**What you will do:** From top to bottom, print the listing word for word and skip any pictures it contains.

**Recorded information:**
▬▬▬

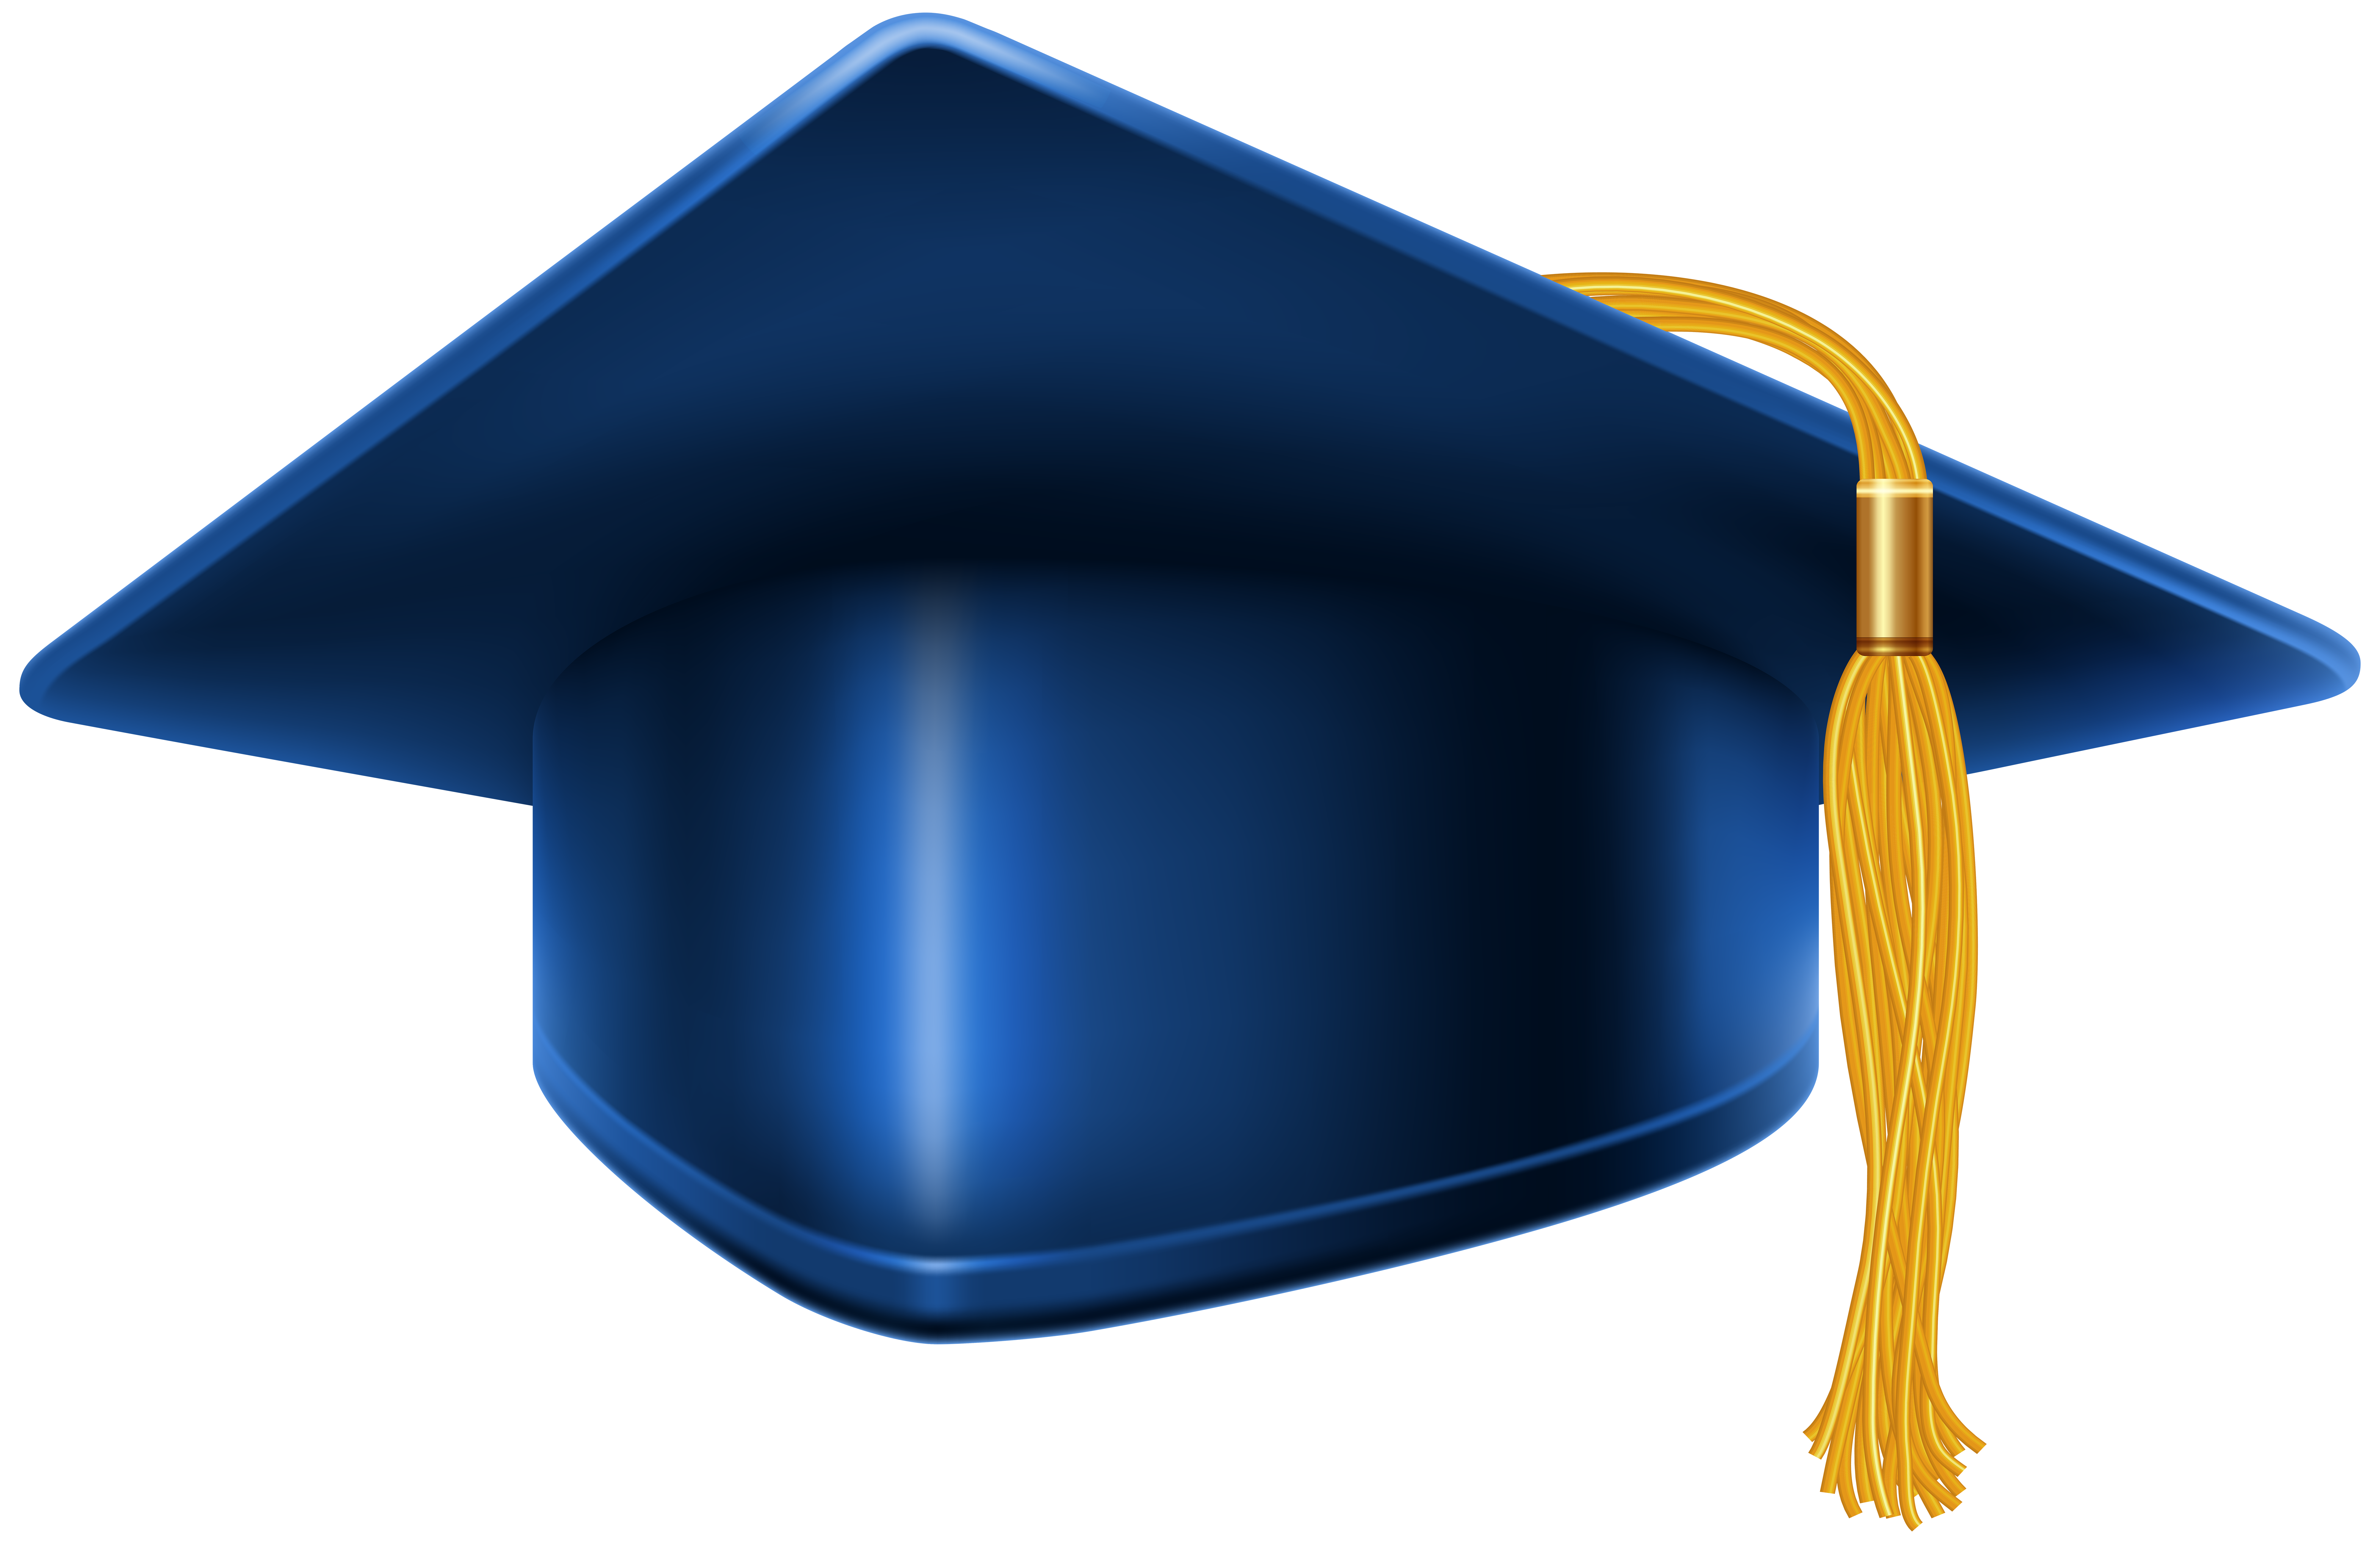 Blue Graduation Cap PNG Clip Art Image
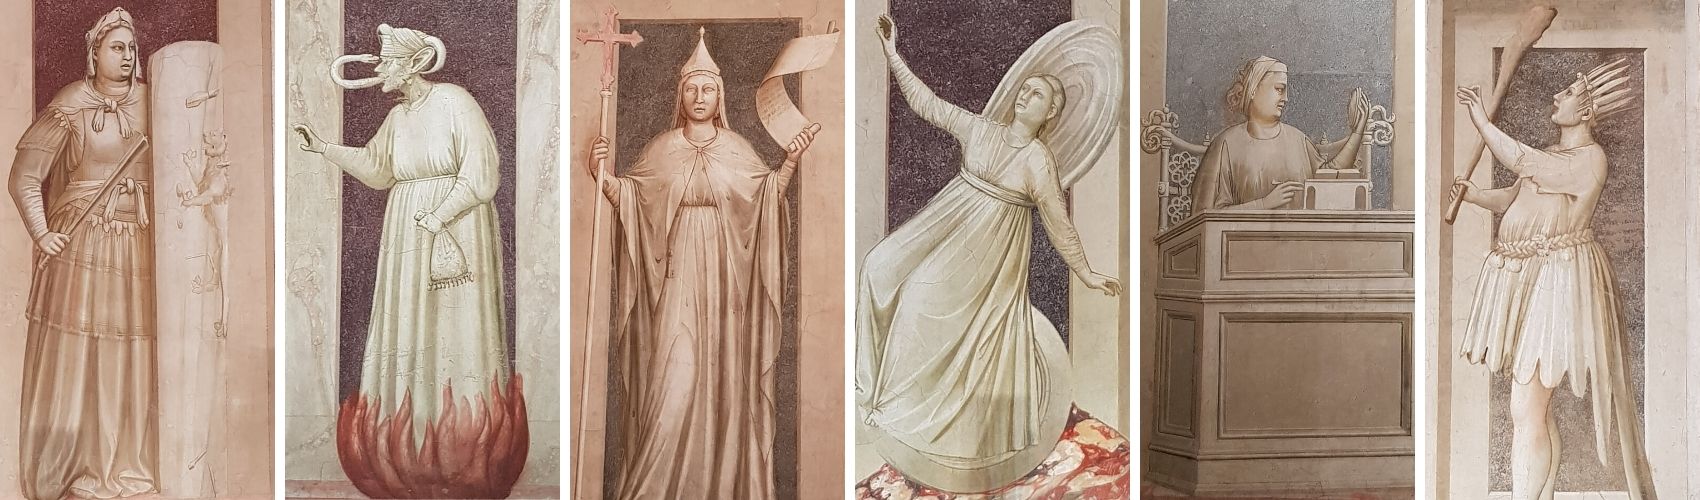 Virtù e Vizi di Giotto
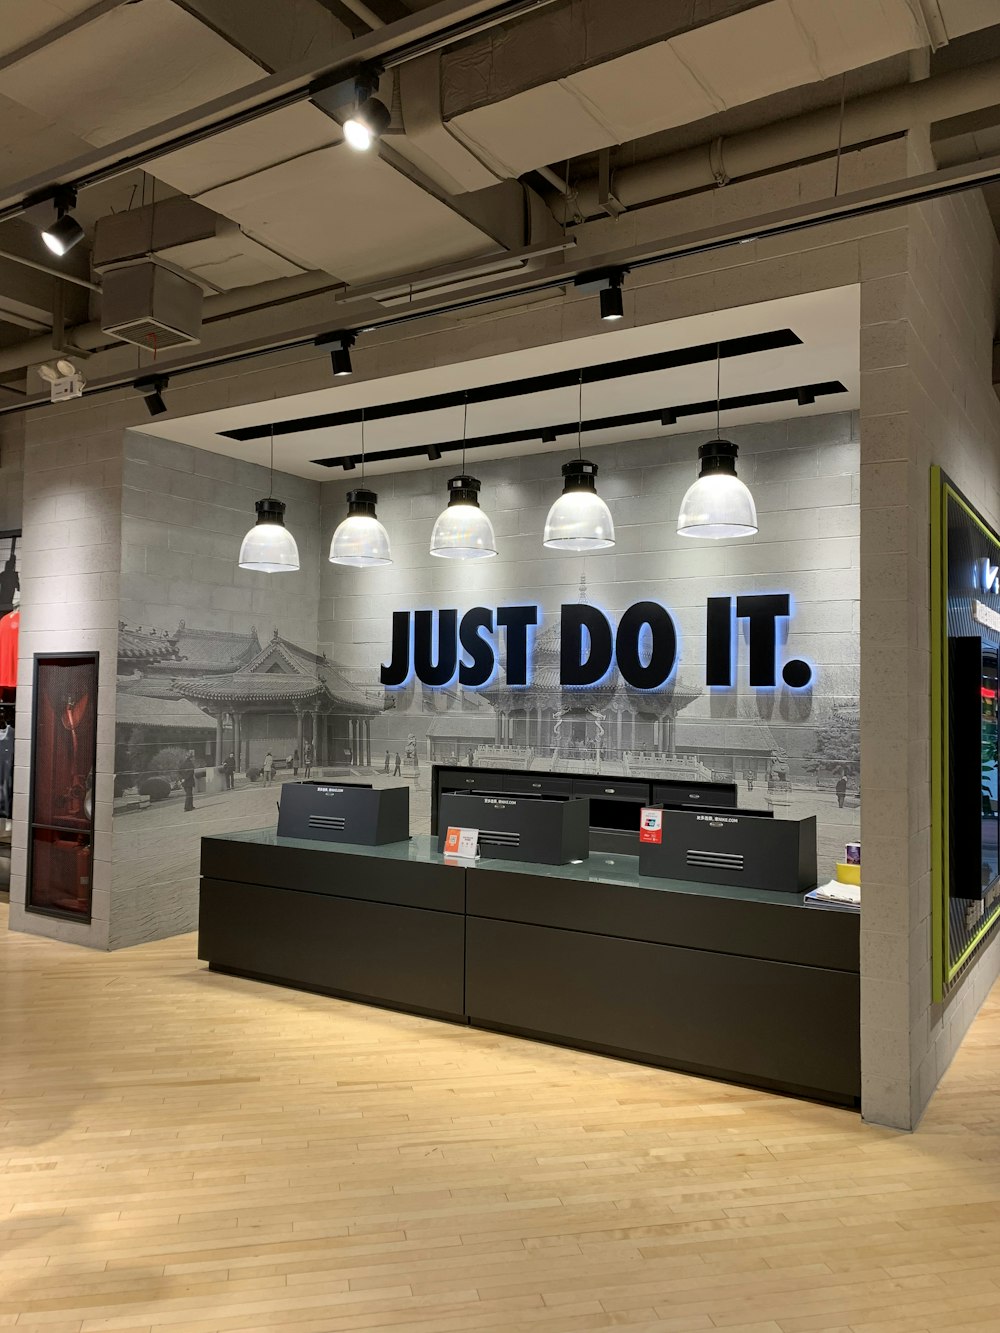 Nike store with Just Do It. signage photo – Free Image on Unsplash

▬▬▬

**Answer space:**
 Blue Graduation Cap PNG Clip Art Image
 Virtù e Vizi di Giotto
 Nike store with Just Do It. signage photo – Free Image on Unsplash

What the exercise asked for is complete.